Languages, words, names and the DNS (was: Re: New version, draft-faltstrom-idnabis-tables-02.txt, available)

John C Klensin klensin at
Wed Jun 13 00:08:28 CEST 2007


We have a long history, in talking about the DNS, of using terms 
such as "DNS Name" or "Fully-qualified Domain Name" to refer to 
DNS labels and complete rooted strings.  These are terms of 
convenience, but they can also cause a great deal of confusion 
when used carelessly, out of context, or without an 
understanding of the DNS.   All of these possibilities get much 
worse when one moves outside the DNS environment assumed by the 
basic DNS RFCs and the applications that implement it (and often 
impose their own syntax rules) and begins to talk about IDNs 
and, with IDNs, notions of languages, words, and specific 

So, to review both the problem and the opportunities...

We use the term "name" or "domain name" in conjunction with the 
DNS because such a string identifies or names something.   There 
is no implication of a language, or words in that language, 
anywhere in the system, even in the traditional ASCII-only, 
letter-digit-hyphen-only, uses of the DNS.  Traditional labels 
are not in English (or "English words"), they are just strings 
of ASCII characters that conform to the LDH rule.  Labels that 
could not possibly be English words are quite common.

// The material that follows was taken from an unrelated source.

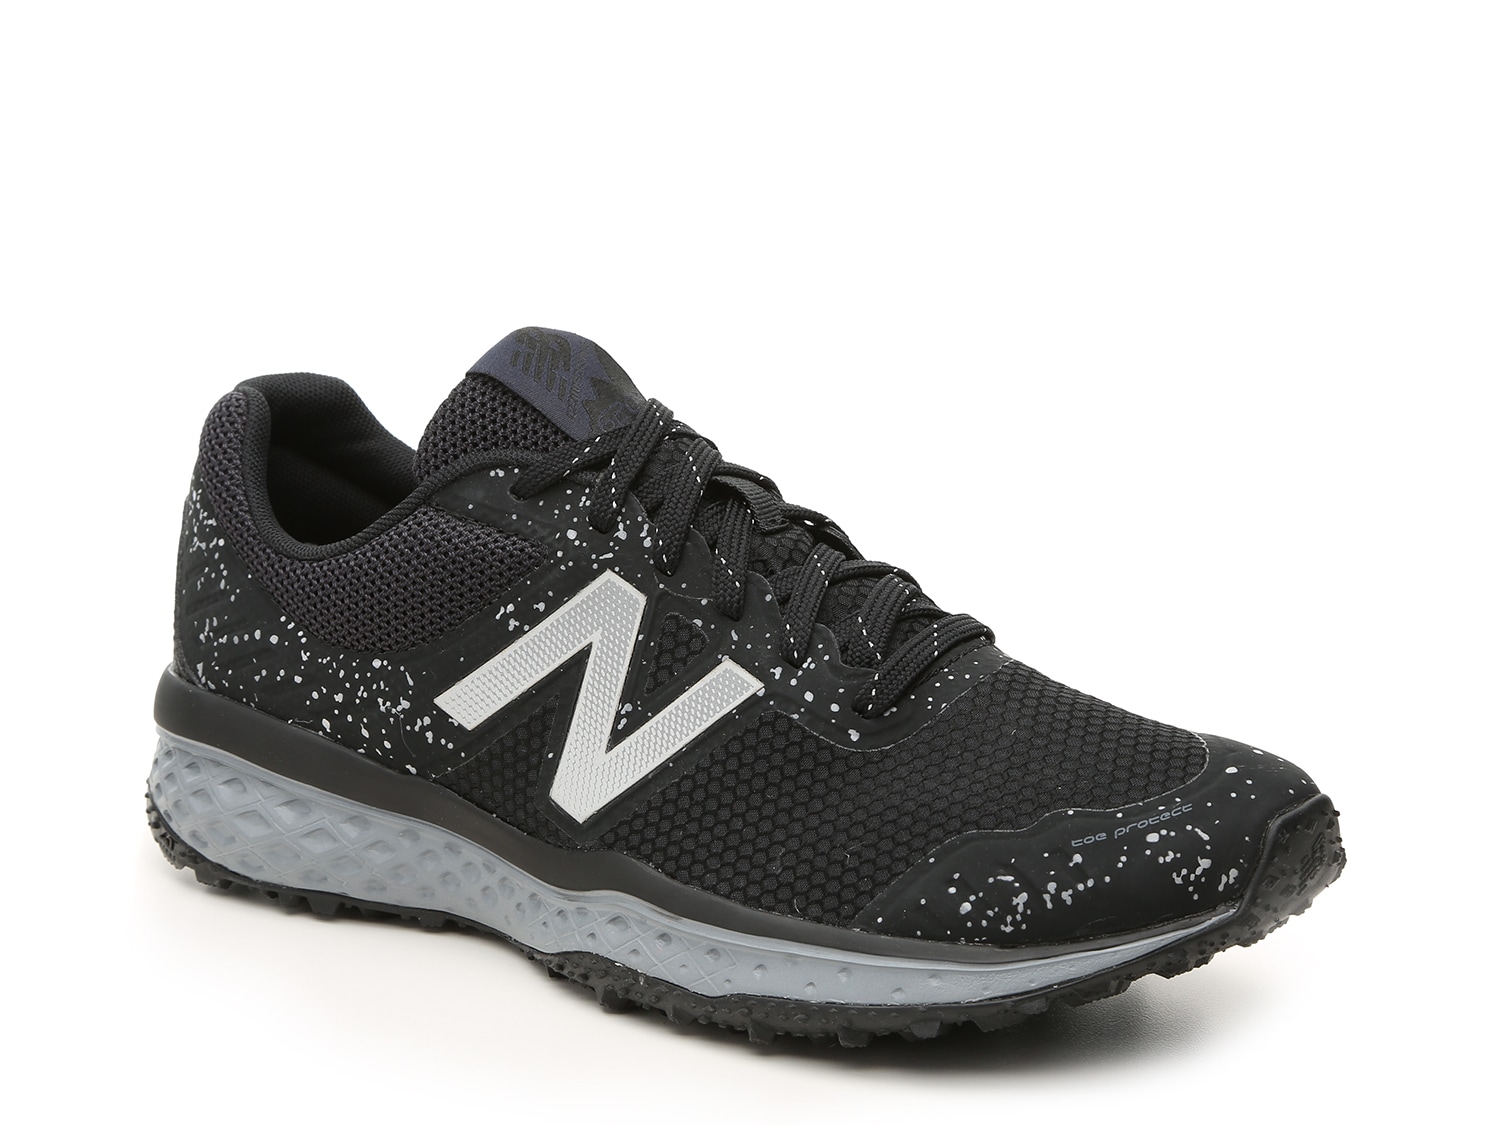 New Balance 620 v2 Trail Running Shoe 
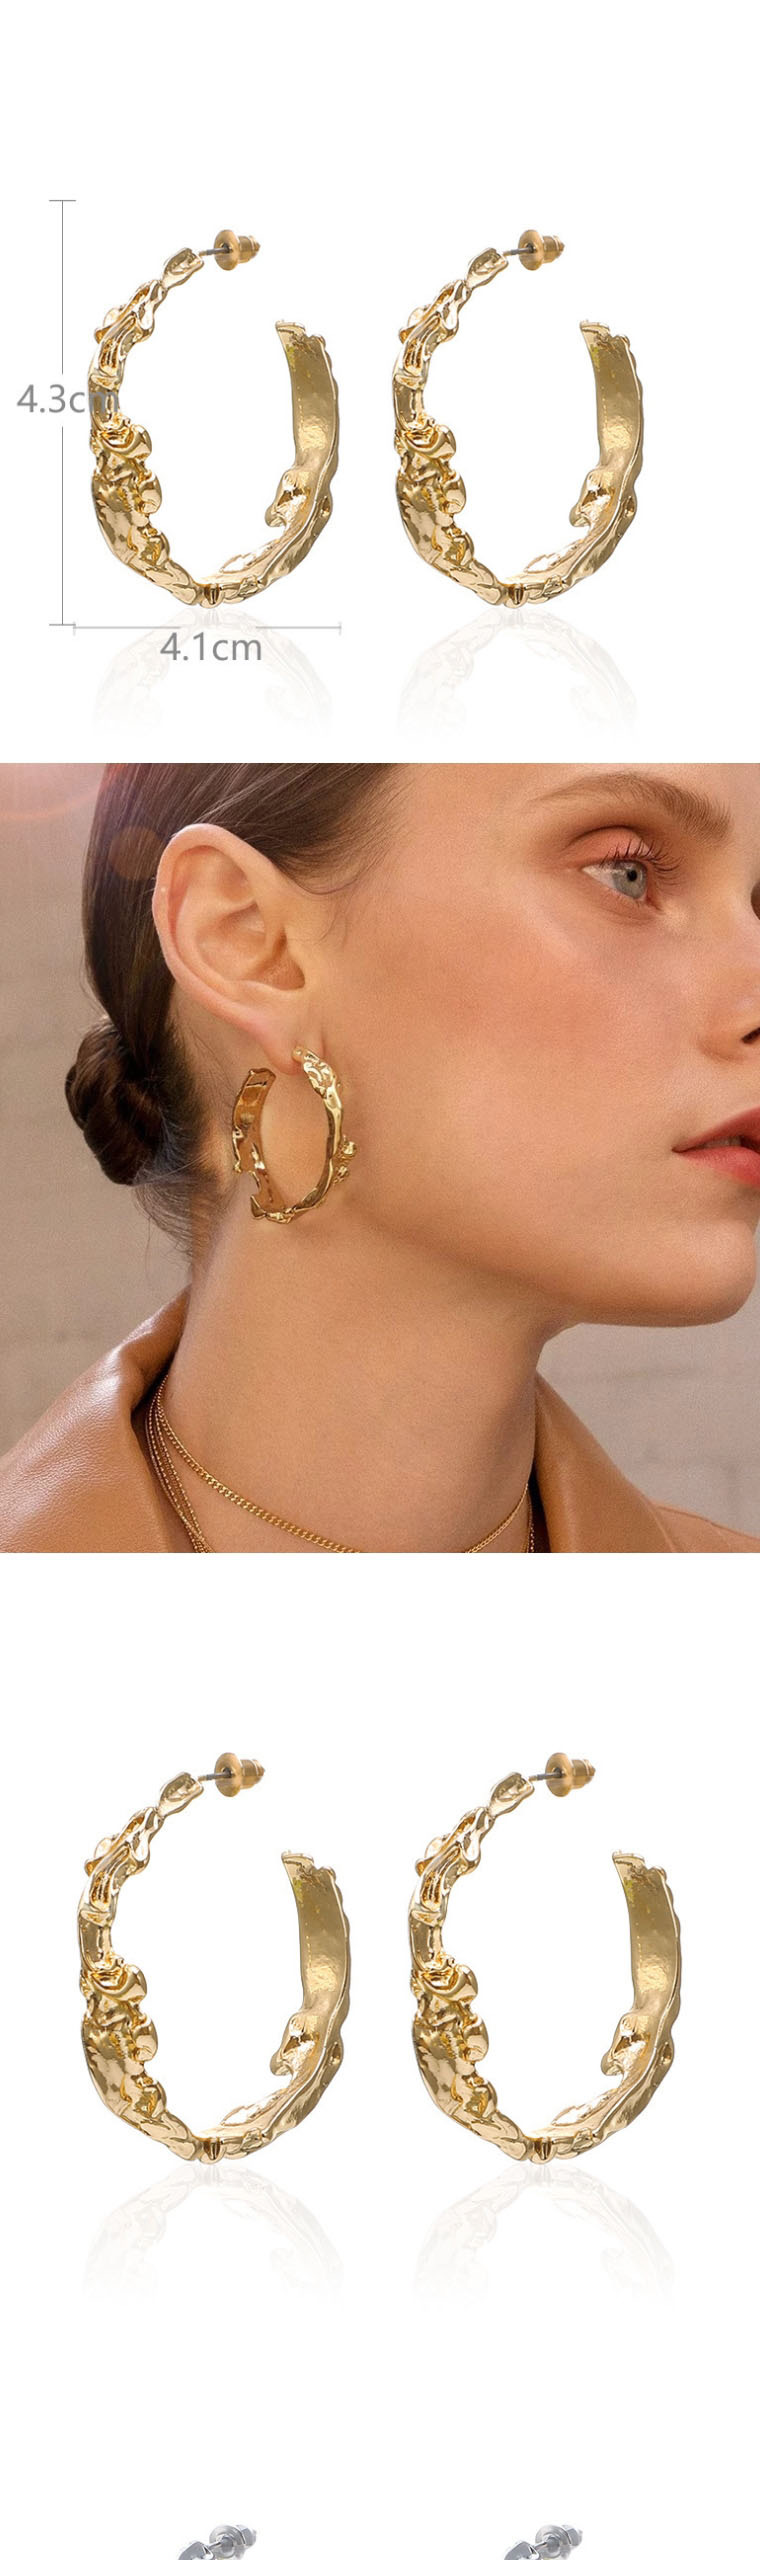 Fashion Silver Smooth Circle Cutout Geometric Earrings,Hoop Earrings

This has many important implications for IDNs, including:

(i) While an important goal for IDNA and the IDNAbis effort has 
been to permit many words of most languages to be registered and 
resolved as DNS labels should someone want to do so, there has 
never been a requirement that labels be restricted to strings 
that are orthographically correct in any language.  The common 
restrictions on mixed-script labels are not inherent in either 
IDNA or any revision proposal that has been presented so far: it 
is merely one place at which it appears that the tradeoff 
between risk to users and the reasonable requirements of those 
registering strings can be easily resolved.

(ii) IDNA has no mechanism for carrying information about the 
language associated with a particular label.  This is a good 
thing because the "language" associated with "bcd56fg" or, for 
that matter, "бвг56жз" (apologies to those who can't 
receive UTF-8), is, at best, rather arbitrary.   As long as we 
can all remember that these are just strings in particular 
scripts (which we can usually, but not always) identify, that 
isn't a problem.  But, if we need, or think we need, language 
information to compare or present domain label strings properly, 
we are in trouble because we can only guess at that information 
and hope that context helps us out.

To be specific about this, if we have to distinguish between 
English and French, between Arabic and Urdu, between Kanji and 
Traditional Chinese, and so on, in order to make things appear 
to the user in a way that is culturally reasonable, we are in 
trouble if we expect the DNS and IDNA to help.  They cannot and 
never will be able to help.  The "maybe yes" list and Rule H 
(see previous note) are, from this point of view, needed 
precisely to be sure that appropriate balances have been reached 
among the many writing systems that may use the same script as 
well as among similar-looking characters in different scripts 
(there are other reasons too, see that other note).

This is the point at which it may also be useful to remind 
people that, while the goal of the IDNA effort is to make the 
DNS as useful as possible for expressing and remembering 
identifiers in a variety of cultural and linguistic 
environments, the DNS cannot meet all of the Internet's naming, 
identification, and navigational needs.   In particular, as 
suggested above and elsewhere, if one really needs linguistic or 
cultural information to make good use of a name, than that name 
should be handled in a way that carries that information with it 
and makes it available and reliable.  We would all benefit from 
understanding where the boundaries of usability, functionality, 
and information requirements between the DNS and these other 
systems (present or potential) are and then designing solutions 
that match them appropriately... solutions that, in many cases, 
will utilize the DNS but not be part of it.